◆ Task to carry out:
Among the lines below, output only those between the line holding "Low Carb Thai" and the line holding "Contractor Quote Template, Page 1", inclusive, exactly as written and with no pictures.

[Provided material Boundary: Start]

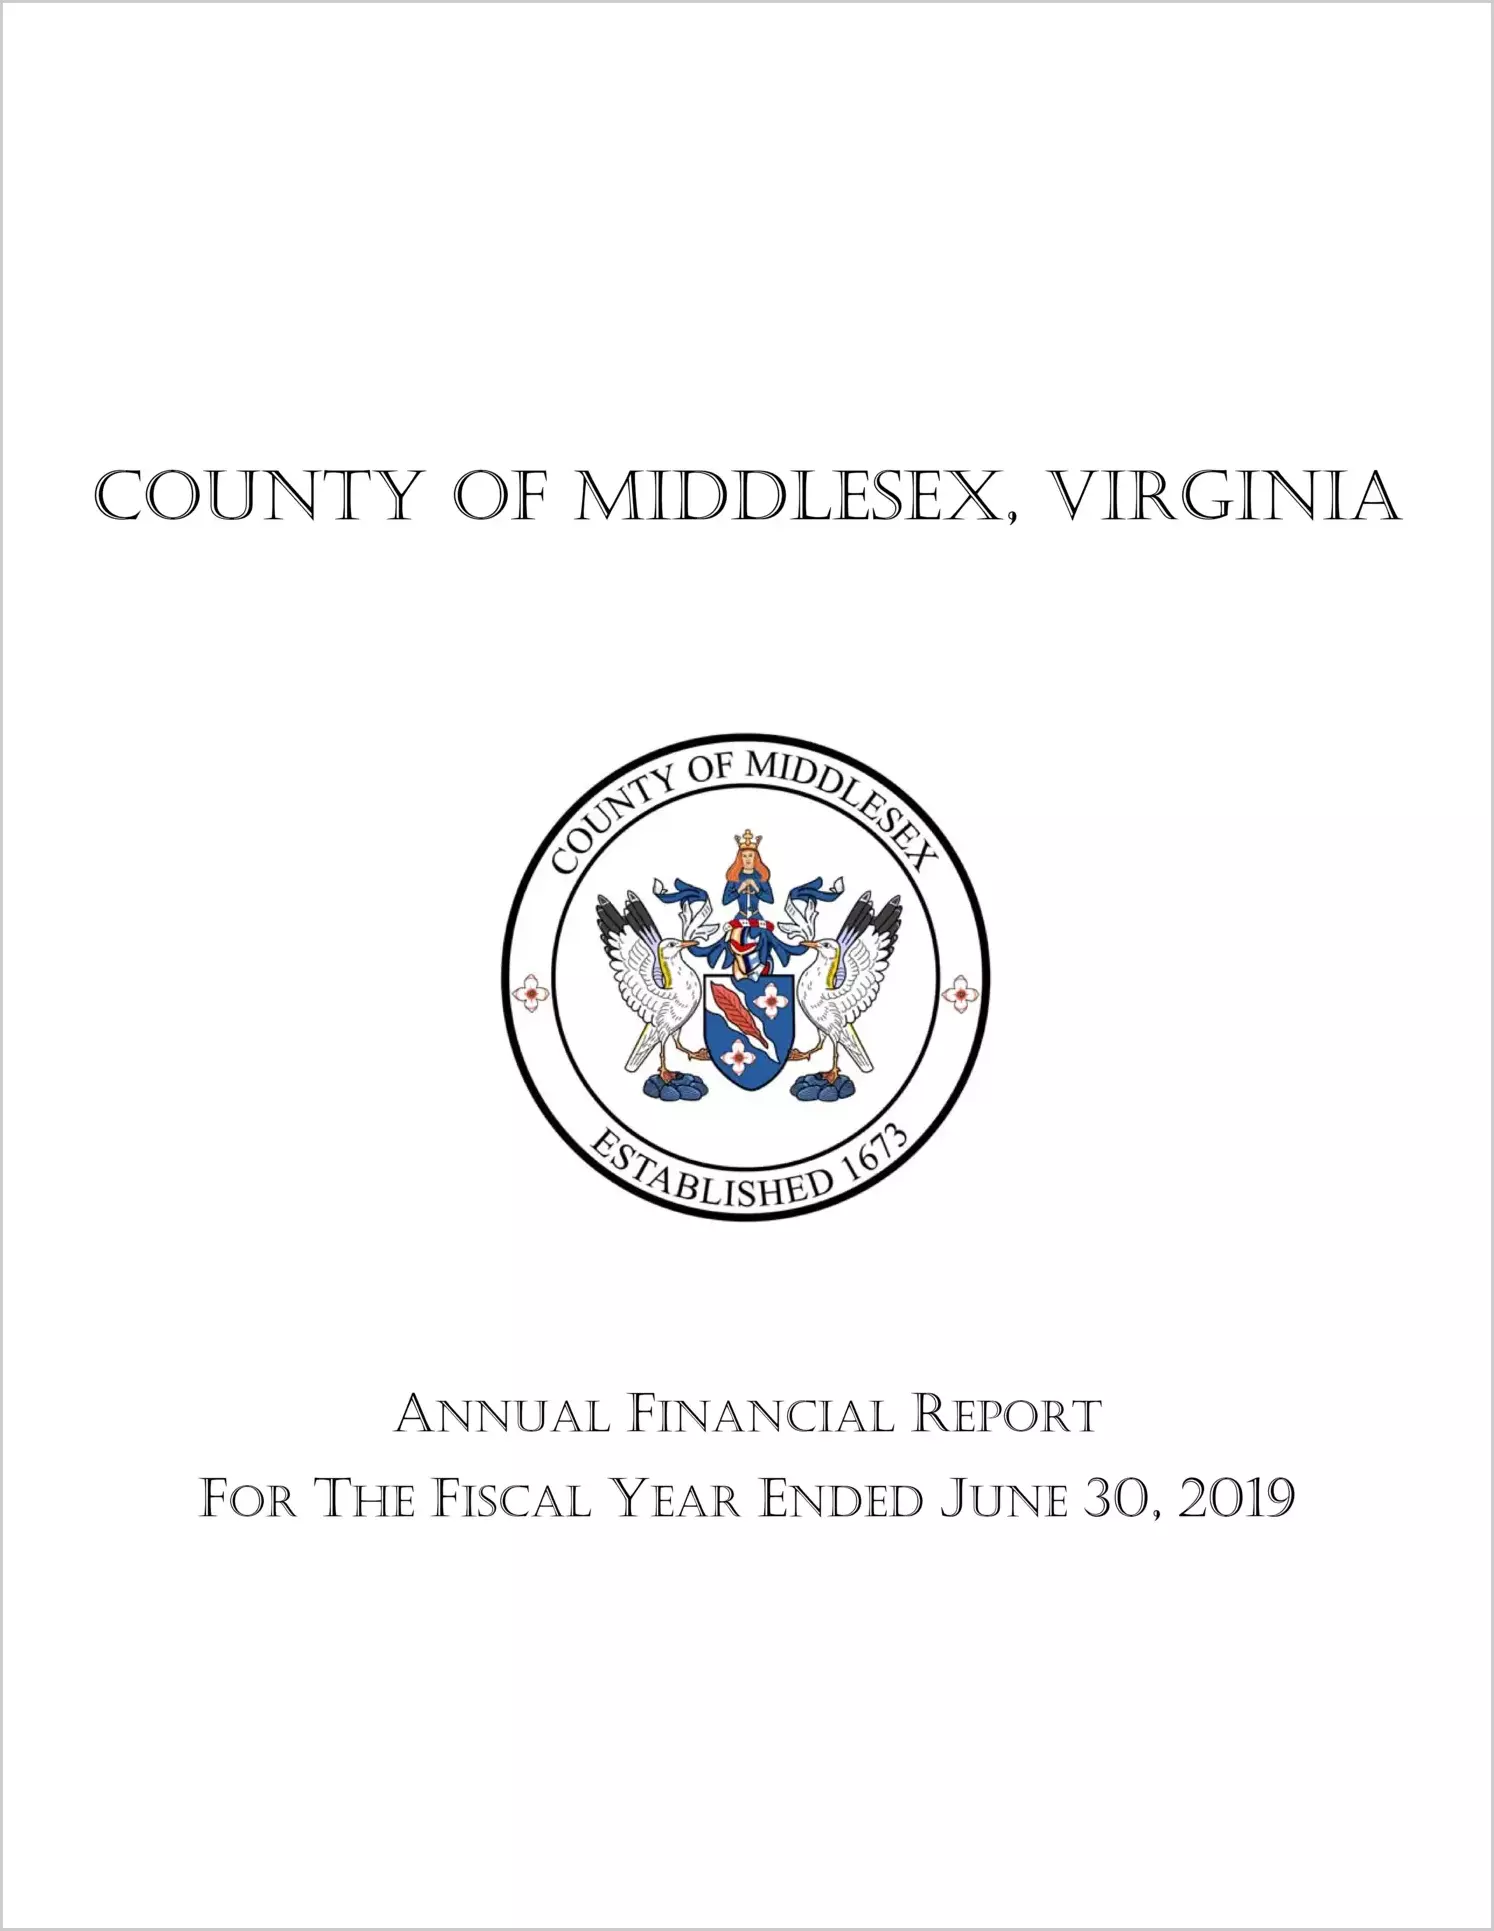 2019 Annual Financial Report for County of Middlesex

[Provided material Boundary: End]
[Provided material Boundary: Start]

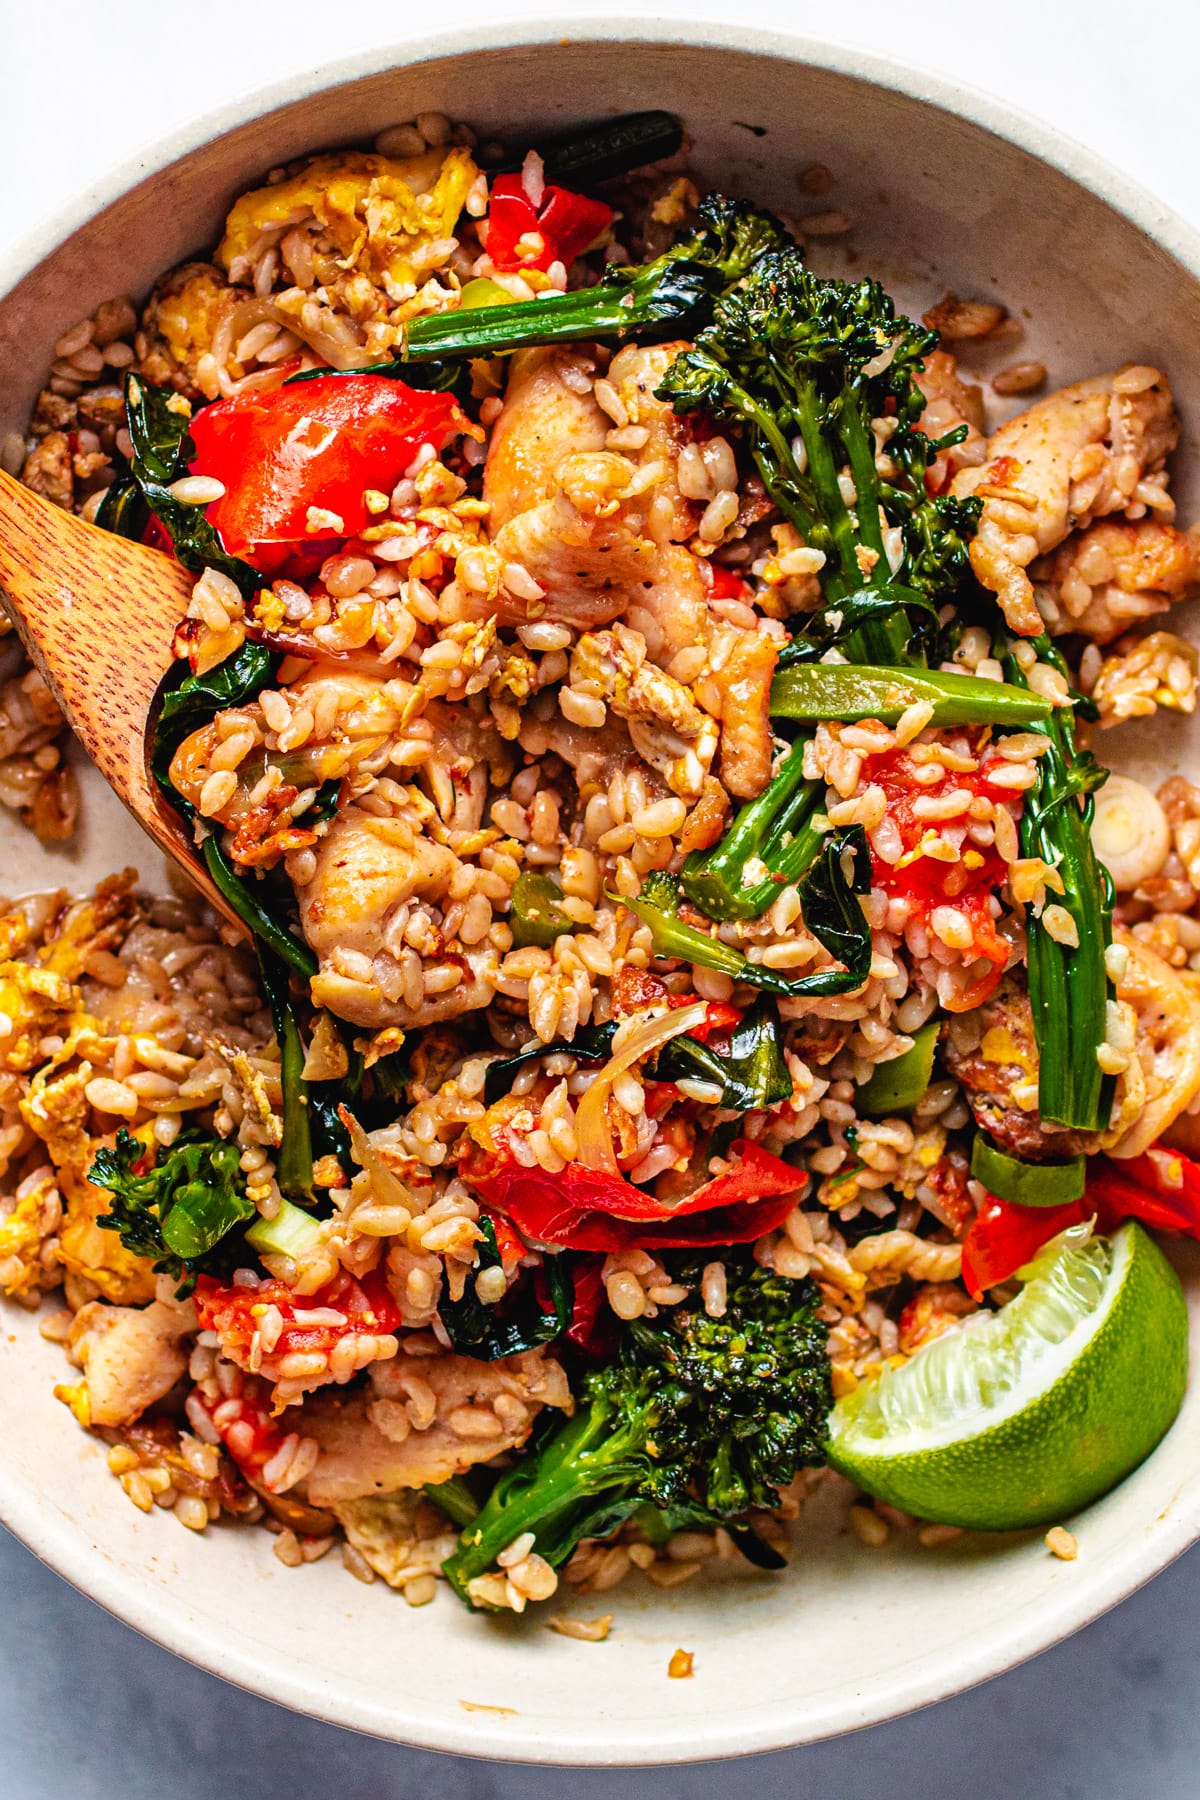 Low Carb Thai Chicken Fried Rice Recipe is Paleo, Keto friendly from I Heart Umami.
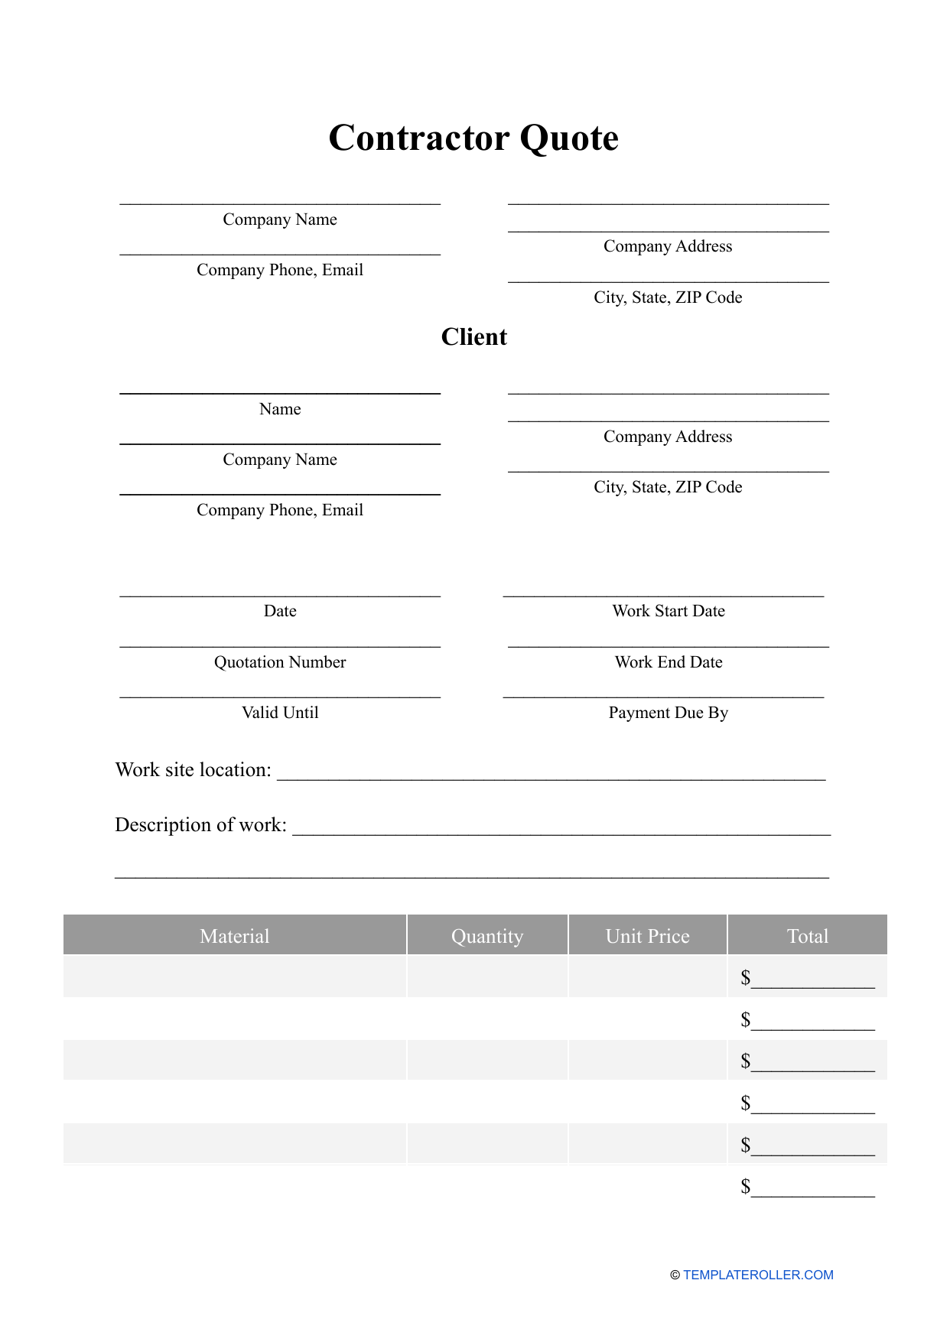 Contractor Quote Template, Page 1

[Provided material Boundary: End]

◆ Exercise output:
 Low Carb Thai Chicken Fried Rice Recipe is Paleo, Keto friendly from I Heart Umami.
 Contractor Quote Template, Page 1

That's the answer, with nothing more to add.